By Faustine Kapama
THE Court of Appeal has dismissed with costs the appeal by United Kingdom (UK) established mineral giant company, Ophir Tanzania (Block 1) Limited, challenging 18.4bn/- withholding tax payments to the Tanzania Revenue Authority (TRA) for services rendered offshore by non-residents.
Justices Ferdinand Wambali, Lugano Mwandambo and Lilian Mashaka ruled against Orphil Company, the appellant, after holding that the two grounds of appeal lodged to support the appeal in question lacked legal merits.
They found that the Tax Revenue Appeals Tribunal (Tribunal), which had decided in favour of the Commissioner General of TRA, the respondent, properly and correctly confirmed the decision of the Tax Revenue Appeals Board (Board) on the matter.
“Consequently, we hold that the two grounds of appeal are without substance. In the circumstances, considering our deliberation, we find that the appeal is devoid of merit, and we hereby dismiss it with costs,” they declared.
The decision put to an end the appellant’s effort to oppose the 18,368,593,534/- payments.
In the impugned decision, the tribunal held, among others that the services the appellant imported from the non-resident persons were rendered in Tanzania and the payment of service fee paid by the appellant to nonresident persons had a source in Tanzania.
The tribunal also held that the place of performance of the services or place of rendering of services is not a determinant factor of the source of payment of service fees.
In addition, the tribunal had ruled that the appellant had an obligation to withhold tax for payments made to its nonresidents’ service providers or suppliers in respect of service rendered to its non-resident service providers or suppliers outside Tanzania but utilised in Tanzania.

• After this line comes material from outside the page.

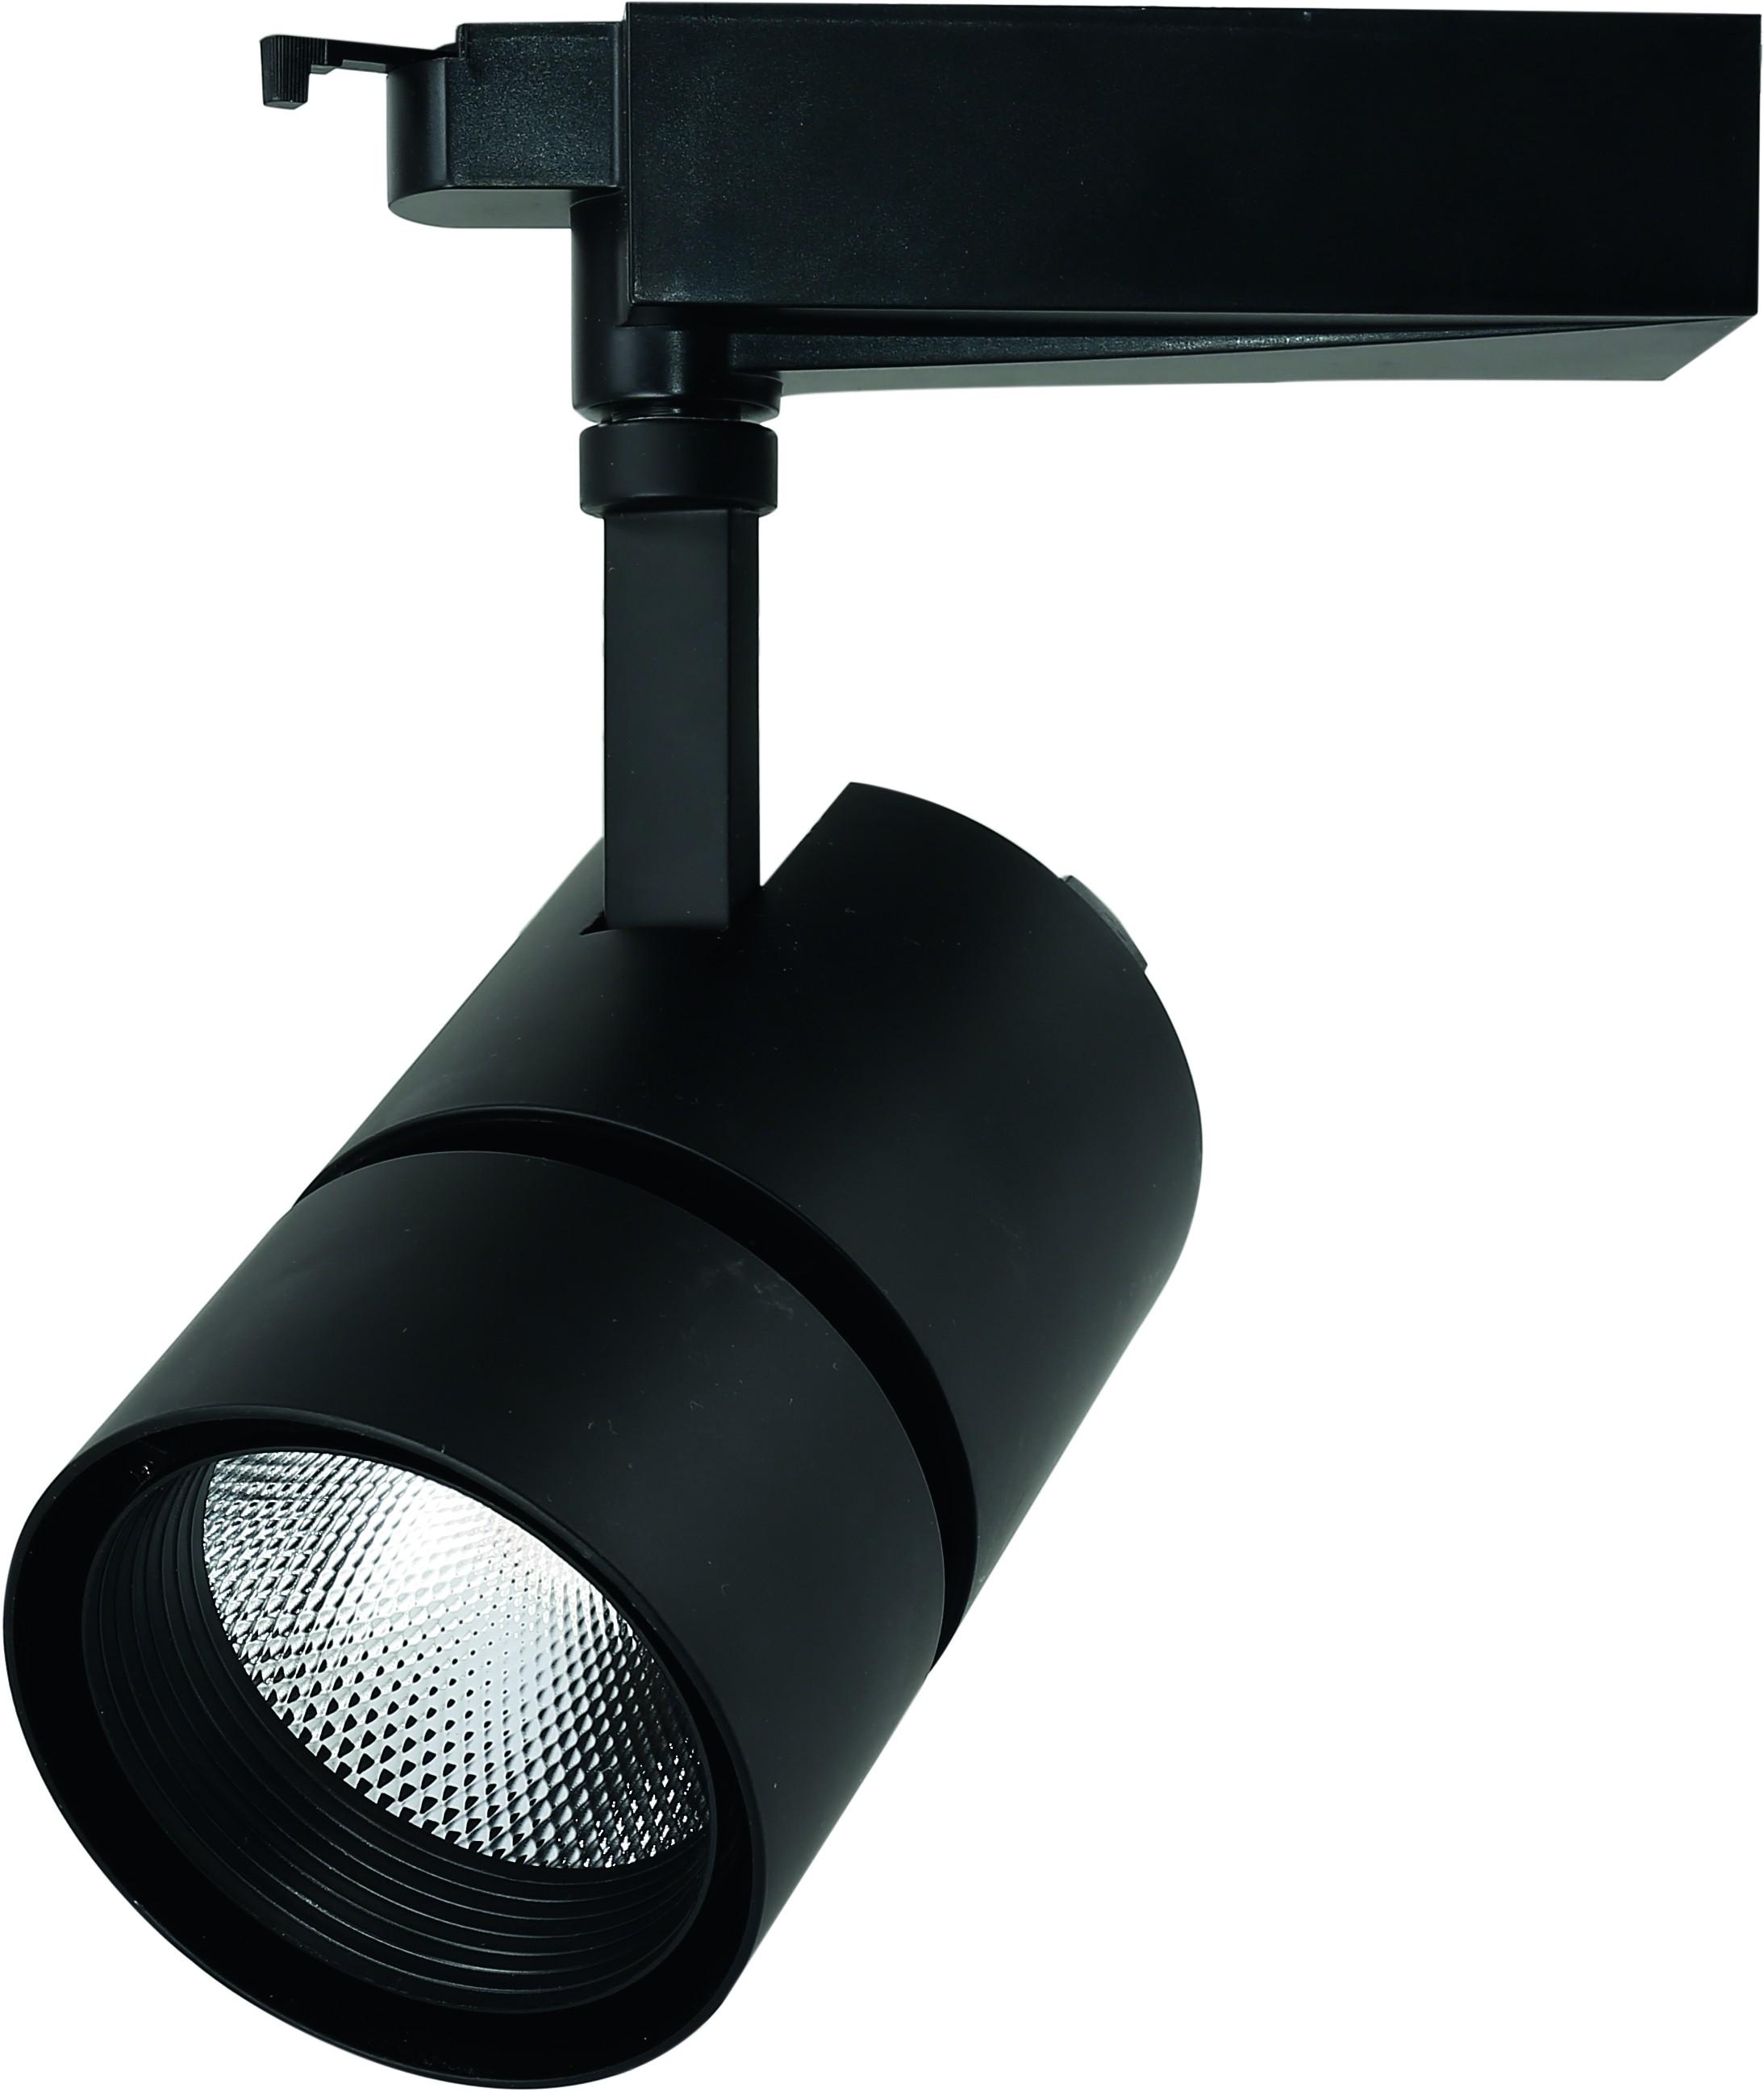 Трек система Arte lamp A2450pl-1bk

Counsel for the appellant had complained that the tribunal erred in law in holding that irrespective of place of rendering services as the payment was made by the appellant, who is a resident in Tanzania, for services utilized in the United Republic, are subject to withholding tax under the Income Tax Act, 2004.
They submitted that the tribunal erred in law by confirming the Board decision that the appellant’s company had obligation to withhold tax for the payments made to its non-resident service provider outside the United Republic of Tanzania for services utilized in the United Republic under the Act.
The complaints in both grounds of appeal rested on the alleged wrong interpretation by the Tribunal of section 69 (i) (ii) read together with sections 6 (1) (b) and 83 (1) (b) of the Income Tax Act, which resulted in alleged erroneous finding with regard to the payment of withholding tax.
During the hearing session, the counsel for the appellant had invited the appeals court to depart from the findings in the case of Tullow Tanzania Bv reached in a similar situation, a position which was vehemently opposed by state lawyers, who appeared for the respondent.
In their judgment delivered in Dar es Salaam recently, the justices of the appeals court, the highest temple of justice in Tanzania respectfully found the invitation as eluded by the appellant’s counsel as totally misplaced.
“This is so because apart from not finding any patent error in the decision, it is not within the jurisdiction of the Full Court to depart from the decision of the same Court, however erroneous it might be,” they said.
Besides, it was their position that in view of the settled position of the law by the Court on complaints relating to the interpretation of the Act that the Tribunal properly followed the respective decision to hold that the appellant was duty bound to withhold tax on payments that were made to non-residents.
The dispute between the parties emanated from the audit which was conducted by the respondent, the Commissioner General, Tanzania Revenue Authority (the CG-TRA) in March 2014 on the appellant covering the years of income 2010 – 2013.
It is in the record of appeal that in the said audit the respondent found that there was a difference between the appellant’s figures on imported services reported in the Value Added Tax (VAT) returns compared to those reported in the withholding tax returns for the requisite years under the audit.
Noteworthy, after several communications between the parties, it seemed that efforts to sort out the dispute on the findings did not yield fruits.
Consequently, on September 30, 2014 the respondent issued the appellant with a withholding tax certificate demanding payment of 18,368,593,534/-being principal tax and interest due.
Aggrieved by the decision of the respondent, the appellant filed an appeal before the TRAB, which was however, dismissed in its entirety. The appellant’s further appeal to the TRAT was equally dismissed. It was at that point in time when the appellant decided to take the matter to the Court of Appeal.